Пришла наконец пора забоя. Первой процедуру исполнили на дедовом дворе. Я, как лицо пристрастное, следил за каждой операцией. Разделка туши дала мне повод расхохотаться почти таким же манером, как то получилось в своё время у старика. Ну что был за продукт! Мяса, разумеется, много, но всё оно не насплошь мясо, а в каких-то блестящих плевах, в кровяных прожилках, в слоях и прослойках нутряного жира, то есть сала. Отдельно, в чистом виде, жира ненутряного, предмета, служившего своеобразной местной валютой, набиралось совсем мало, толщиной на каких-то полтора пальца на гребне спины, по остальному же периметру так и вовсе кожа почти сразу примыкала к мясу. В деревне для послевоенных лет и тогдашнего мрачного недоедания такой результат мог расцениваться не иначе как поражением, отсутствием хозяйственности. Холодильников ведь тогда не было, мясо на лето не оставишь. На мои насмешки дед опять прохмыкал: «Ну и ну!». Однако на этот раз с сильным досадливым акцентом. Была у него единственная надежда не уступить мне: это если бы в моём кабанце имелись только шкура да кости.

А Василий, будто догадываясь о нашем противостоянии и будто желая помочь мне, взял да и удивил!
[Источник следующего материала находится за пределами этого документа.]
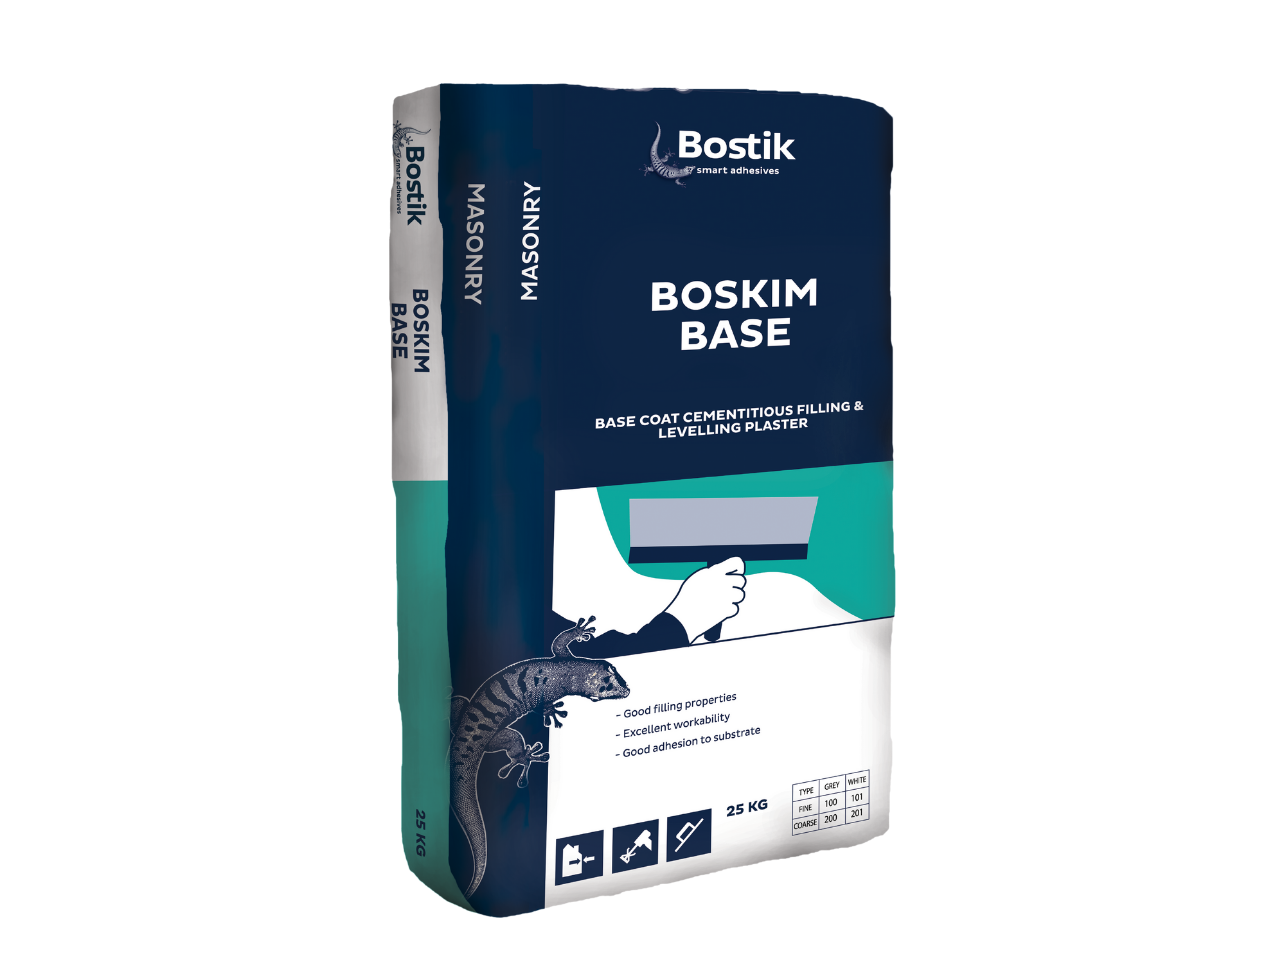 bostik-singapore-product-boskim-base-960x720.png

На загривке у него толщина чистого продукта превышала ширину ладони. Не моей, далеко ещё не мужской, а соседской, дедовой. Он, помню, как-то даже побелел в лице, невнятно тряс бородой; длиннющие концы его усов вроде как сами собой неестественно поднимались и опускались, напоминая крылышки у вспархивающего воробья; больше обычного дед горбился; недоумевал: как же так? Прикинули мы с ним и выращенную мною мясную часть. Выходило, и тут пропорция не так уж плоха.
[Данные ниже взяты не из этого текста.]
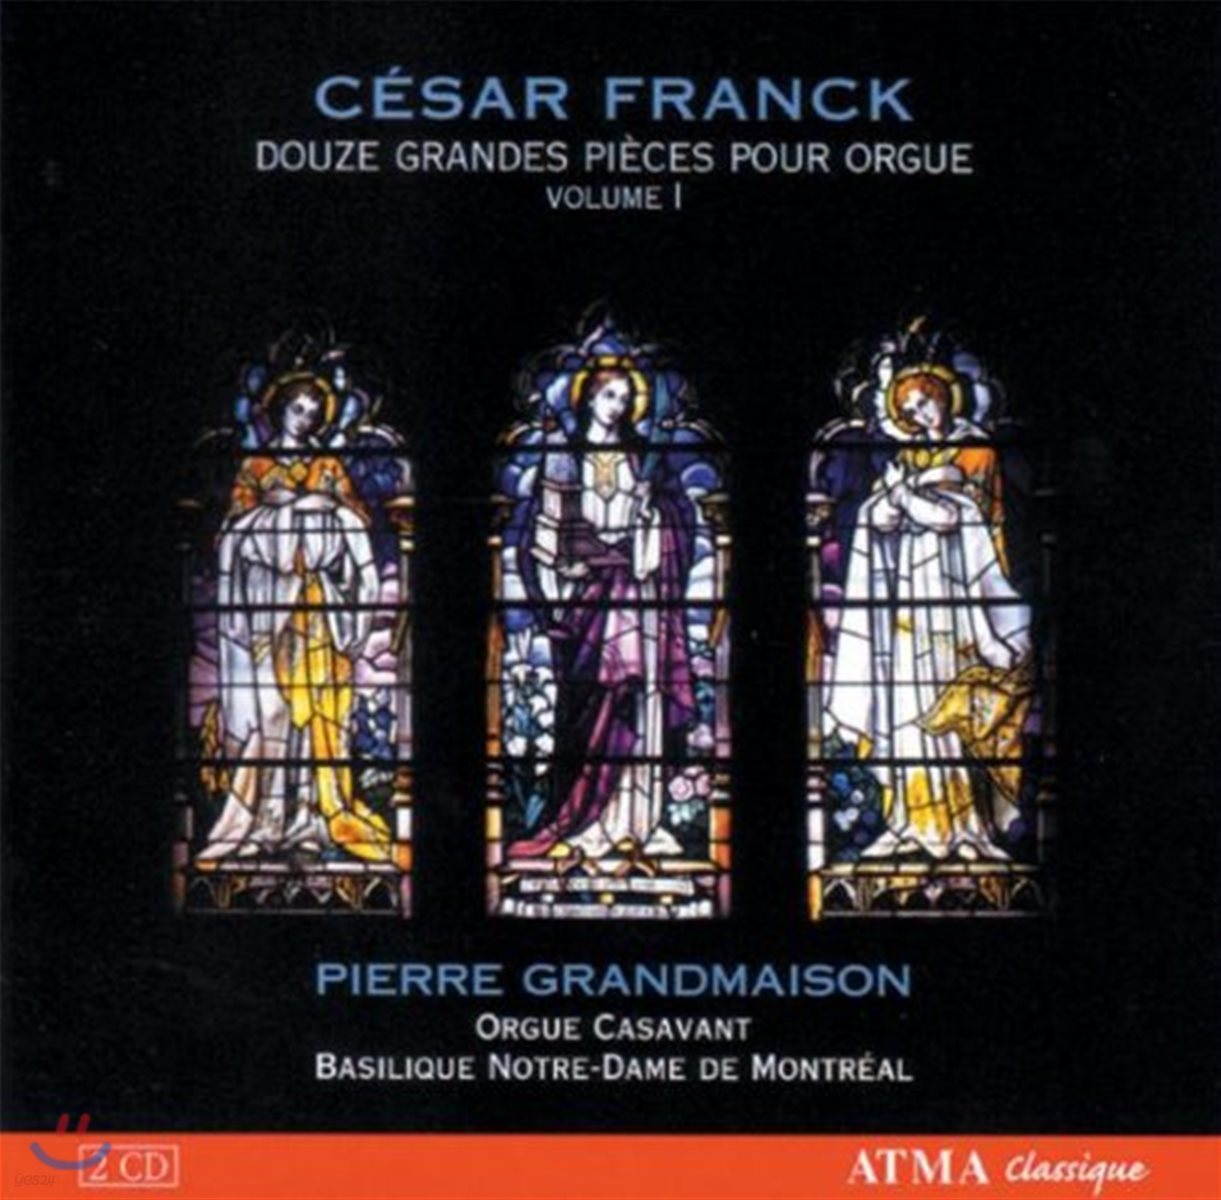 Pierre Grandmaison 프랑크: 오르간을 위한 12개의 작품집 1권 (Franck: Douze Grandes Pieces pour Orgue Volume I)

Дошли итоги соревнования до соседей. Деда высмеяли всем селом, так что он долго остерегался выходить из своей калитки на улицу, где любой мог натыкать ему новых укоров. Наведавшись к нему недели через две, я увидел человека, у которого огорчение от неудачи так и не прошло. Он хмыкал своё «Ну и ну!», пытался как-то оправдываться. Но, видя, что поправить уже ничего нельзя, подозвал поближе, в свидетели, свою супругу, вынужденно пожал мне руку и выдавил: твоя, мол, взяла.

Что и требовалось доказать!

Еще какое-то время спустя он зашёл ко мне. Чувствовалось, что прежнее своё раздражение он скрывает, а скрыть не может. Да, будет, сказал я ему, стараясь быть максимально покладистым и сочувствующим, – не дом ведь проиграл, посмеялись, и вон из памяти. Нет, говорит, я уж до своего конца этого забыть не смогу. Даже как-то жаль его стало. А, кстати, спрашивает всё с той же, прежней, тревогой и обеспокоенностью, не хитрил ли я, не молол ли те проклятые кукурузины. Чтобы отвести подозрения, было достаточно провести его по двору, который начинался прямо за поленницей, вблизи от порога дома, и простирался до скотного сарая. На всей территории, усеянной дровяными опилками, сенной трухой и просыпями использованной сарайной подстилки, во множестве, порознь или небольшими кучками, виднелись прохваченные морозами желтовато-сереброватые ядра, слегка приплюснутые, но почти со столь же широкими продольными боковинами, как и на ещё не сваренных; здесь их сам кабан наутаптывал и наутрамбовывал в снег. Курам, которые вмиг пособирали бы это дармовое богатство, суровой зимой отлучка во двор не полагалась. А псу или коту, которые шныряли тут завсегда, оно до фонаря. Опять в мою пользу!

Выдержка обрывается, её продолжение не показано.